Background: In vitro and animal studies demonstrate that myeloperoxidase catalytically consumes nitric oxide as a substrate, limiting its bioavailability and function. We therefore hypothesized that circulating levels of myeloperoxidase would predict risk of endothelial dysfunction in human subjects.

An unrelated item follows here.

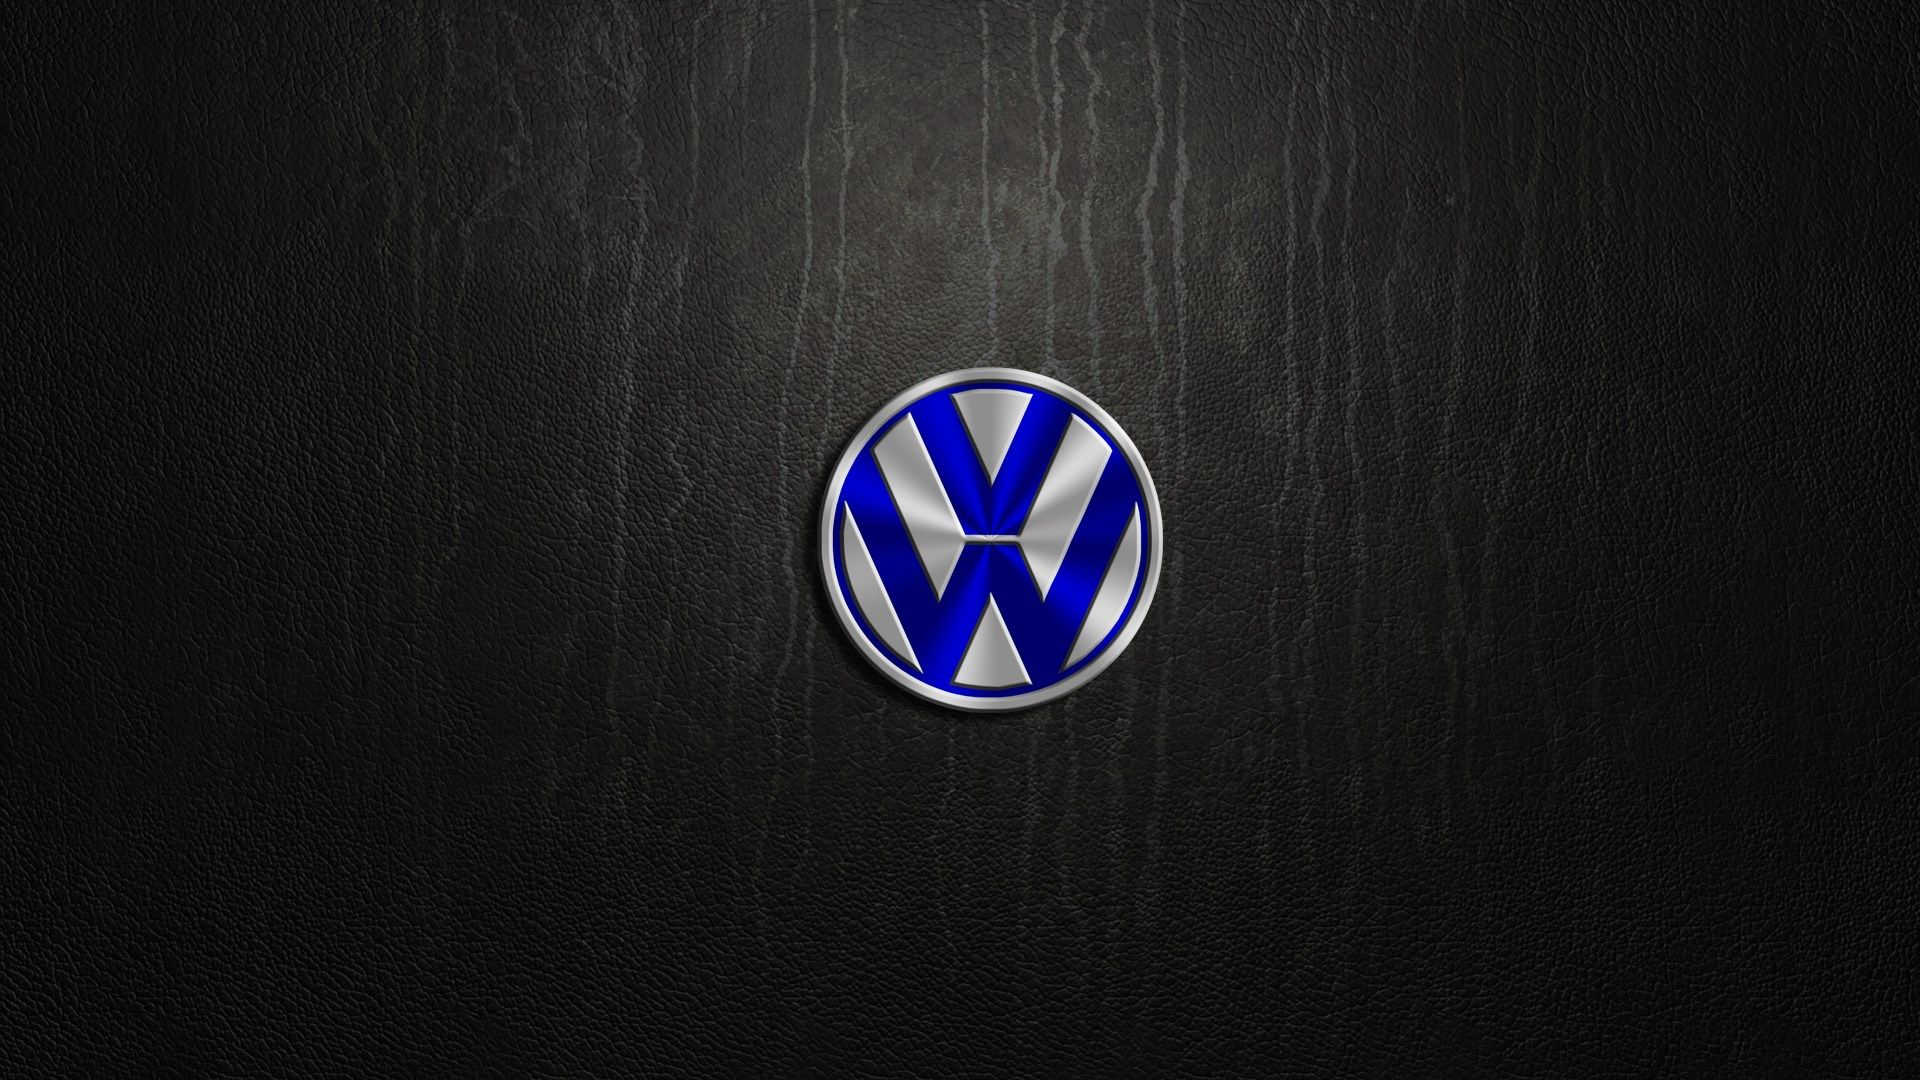 Volkswagen Free 1920x1080 With Images Volkswagen Logo
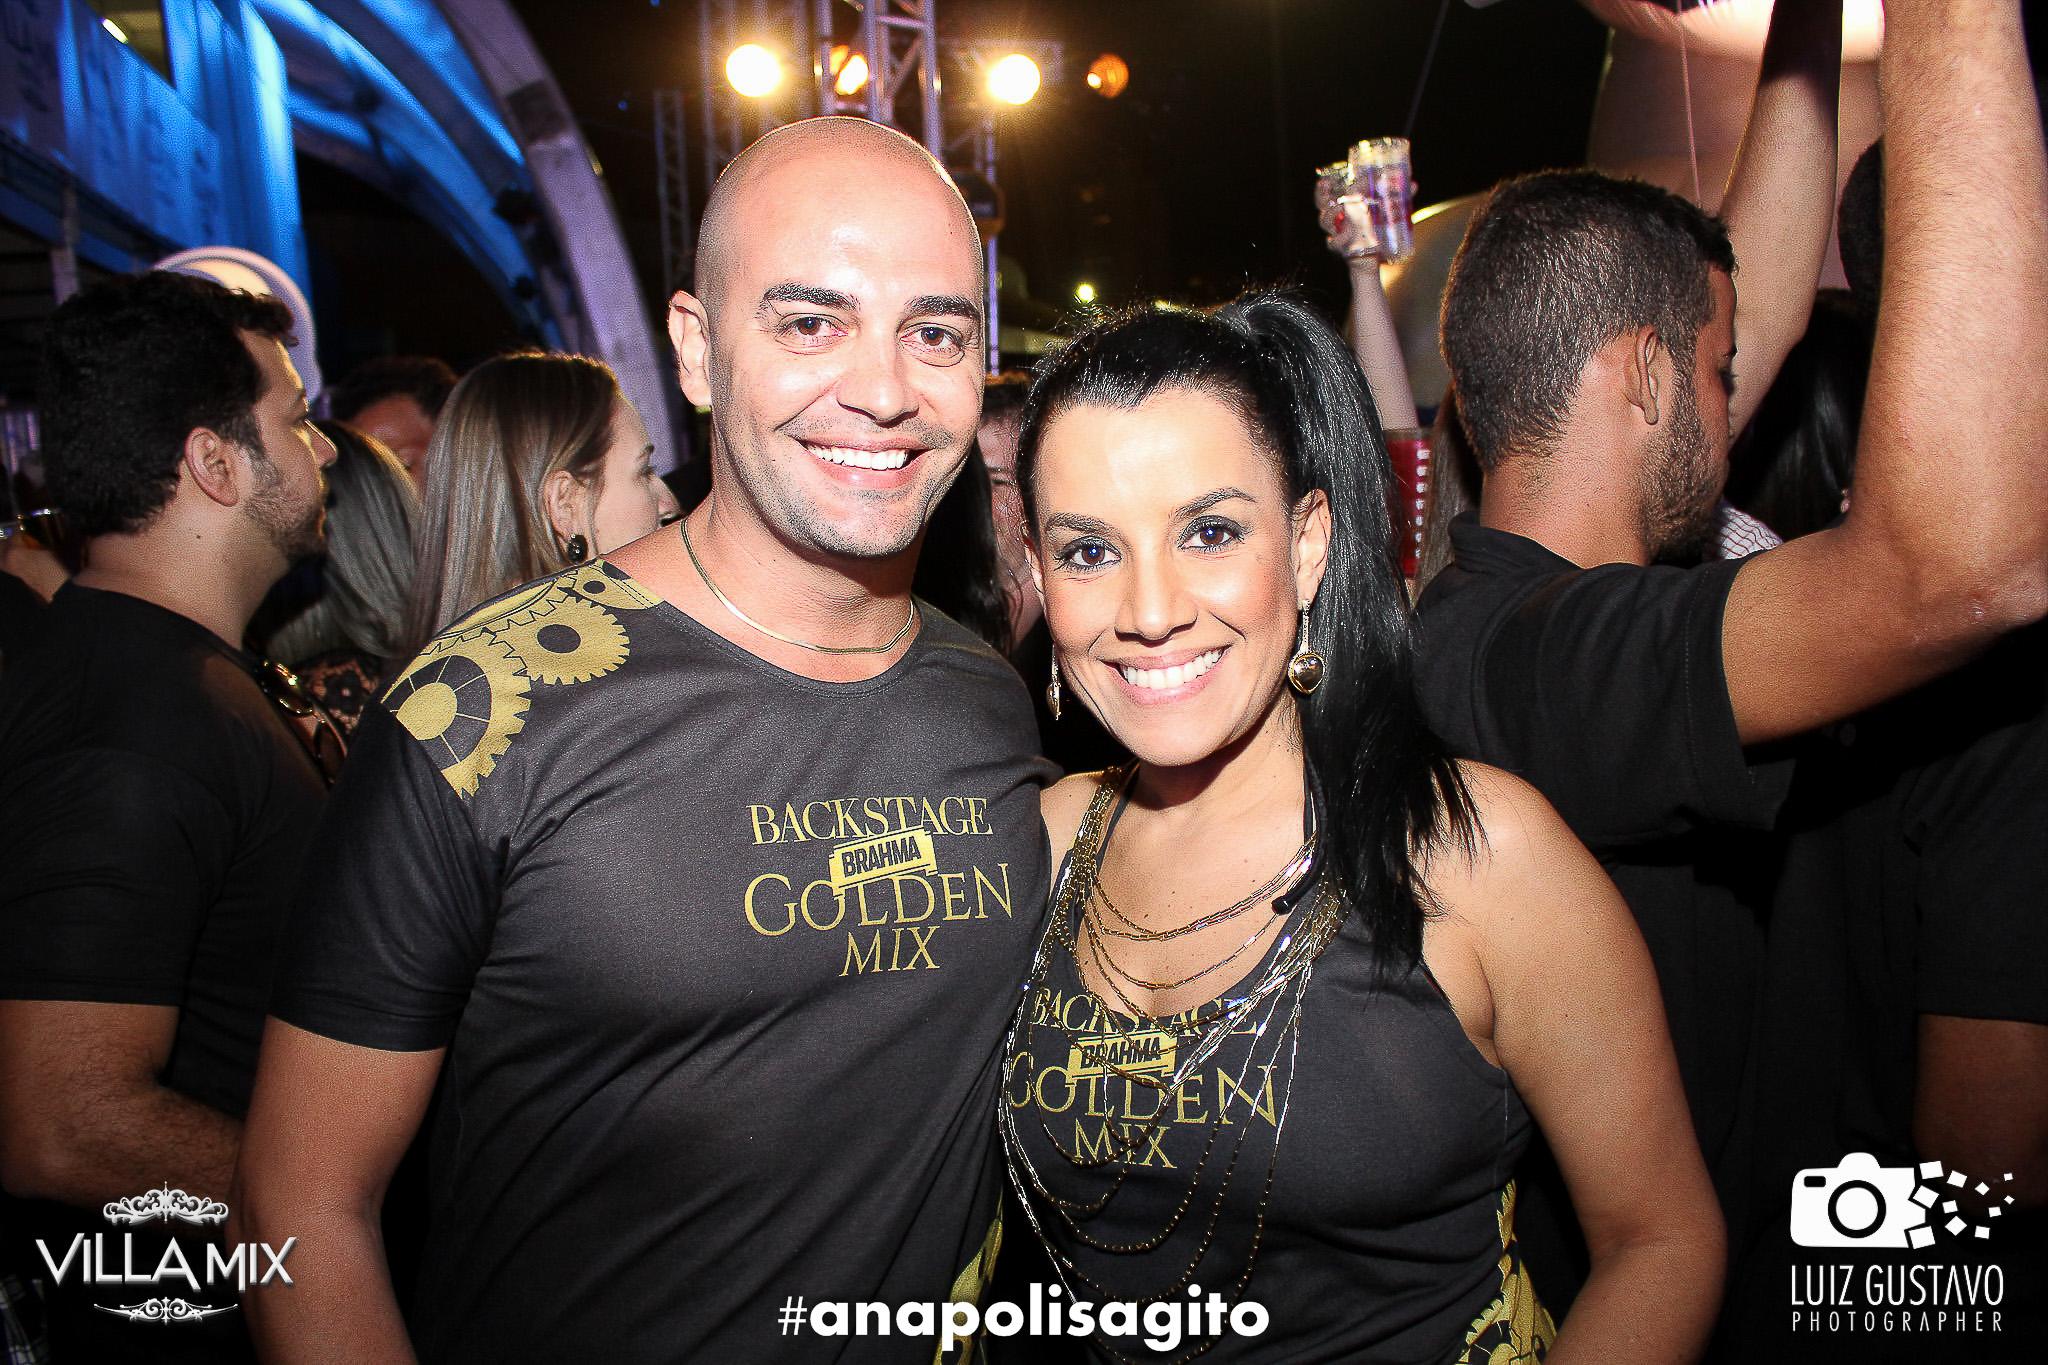 Luiz Gustavo Photographer (149 de 327)

Methods and results: Serum myeloperoxidase was measured by enzyme-linked immunoassay, and brachial artery flow-mediated dilation and nitroglycerin-mediated dilation were determined by ultrasound in a hospital-based population of 298 subjects participating in an ongoing study of the clinical correlates of endothelial dysfunction (age, 51+/-16; 61% men, 51% with cardiovascular disease). A strong inverse relation between brachial artery flow-mediated dilation and increasing quartile of serum myeloperoxidase level was observed (11.0+/-6.0%, 9.4+/-5.3%, 8.6+/-5.8%, and 6.4+/-4.5% for quartiles 1 through 4, respectively; P<0.001 for trend). Using the median as a cut point to define endothelial dysfunction, increasing quartile of myeloperoxidase predicted endothelial dysfunction after adjustment for classic cardiovascular disease risk factors, C-reactive protein levels, prevalence of cardiovascular disease, and ongoing treatment with cardiovascular medications (OR, 6.4; 95% CI, 2.6 to 16; P=0.001 for highest versus lowest quartile).
Conclusions: Serum myeloperoxidase levels serve as a strong and independent predictor of endothelial dysfunction in human subjects. Myeloperoxidase-mediated endothelial dysfunction may be an important mechanistic link between oxidation, inflammation, and cardiovascular disease.